Notepad++ Hit by Sophisticated Supply Chain Attack, Malicious Downloads Reported

Notepad++, a beloved and ubiquitous text and code editor among developers, has reportedly been the target of a significant supply chain attack. The incident, which has sent ripples through the community, did not involve a compromise of the application’s source code or its repository but rather its infrastructure. Allegedly orchestrated by state-sponsored hackers, with implications pointing towards China, the attack exploited a vulnerability in Notepad++‘s hosting provider.

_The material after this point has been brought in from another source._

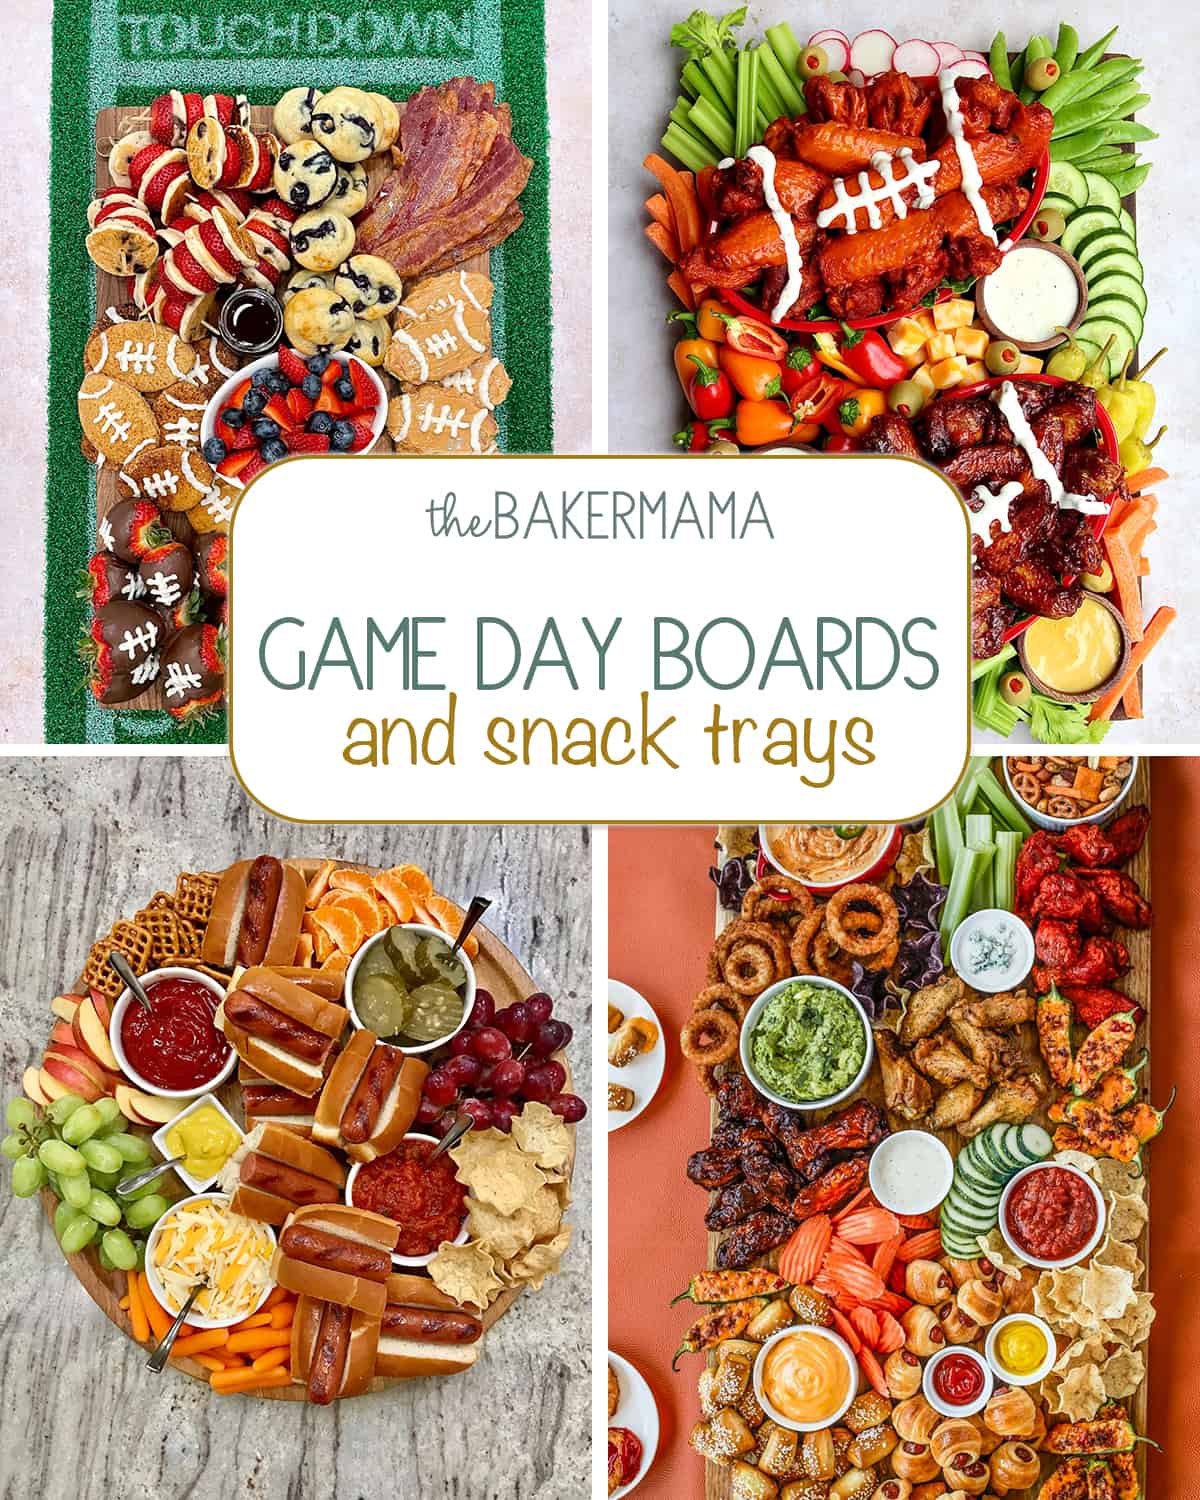 Gameday boards and snack trays.

The breach, identified as a supply chain attack, centered on the storage services responsible for distributing Notepad++ binaries. The hosting provider’s shared server, used for download delivery, was reportedly compromised on September 2, 2025. Attackers maintained access to internal services until December 2, 2025, enabling them to redirect users attempting to download Notepad++ from the official site to malicious servers. This effectively meant users were downloading compromised binaries instead of the genuine application. The Notepad++ team has since updated their systems, conducted thorough testing, and, crucially, changed their hosting provider, indicating the issue is now resolved. This incident echoes the severe SourceForge attack in 2011 and highlights the often-overlooked vulnerability of supply chain elements, such as hosting services, compared to the core product itself. Industry observers note the contrast with applications like Visual Studio Code, which leverage robust Microsoft infrastructure, making such infrastructure-level compromises significantly more challenging.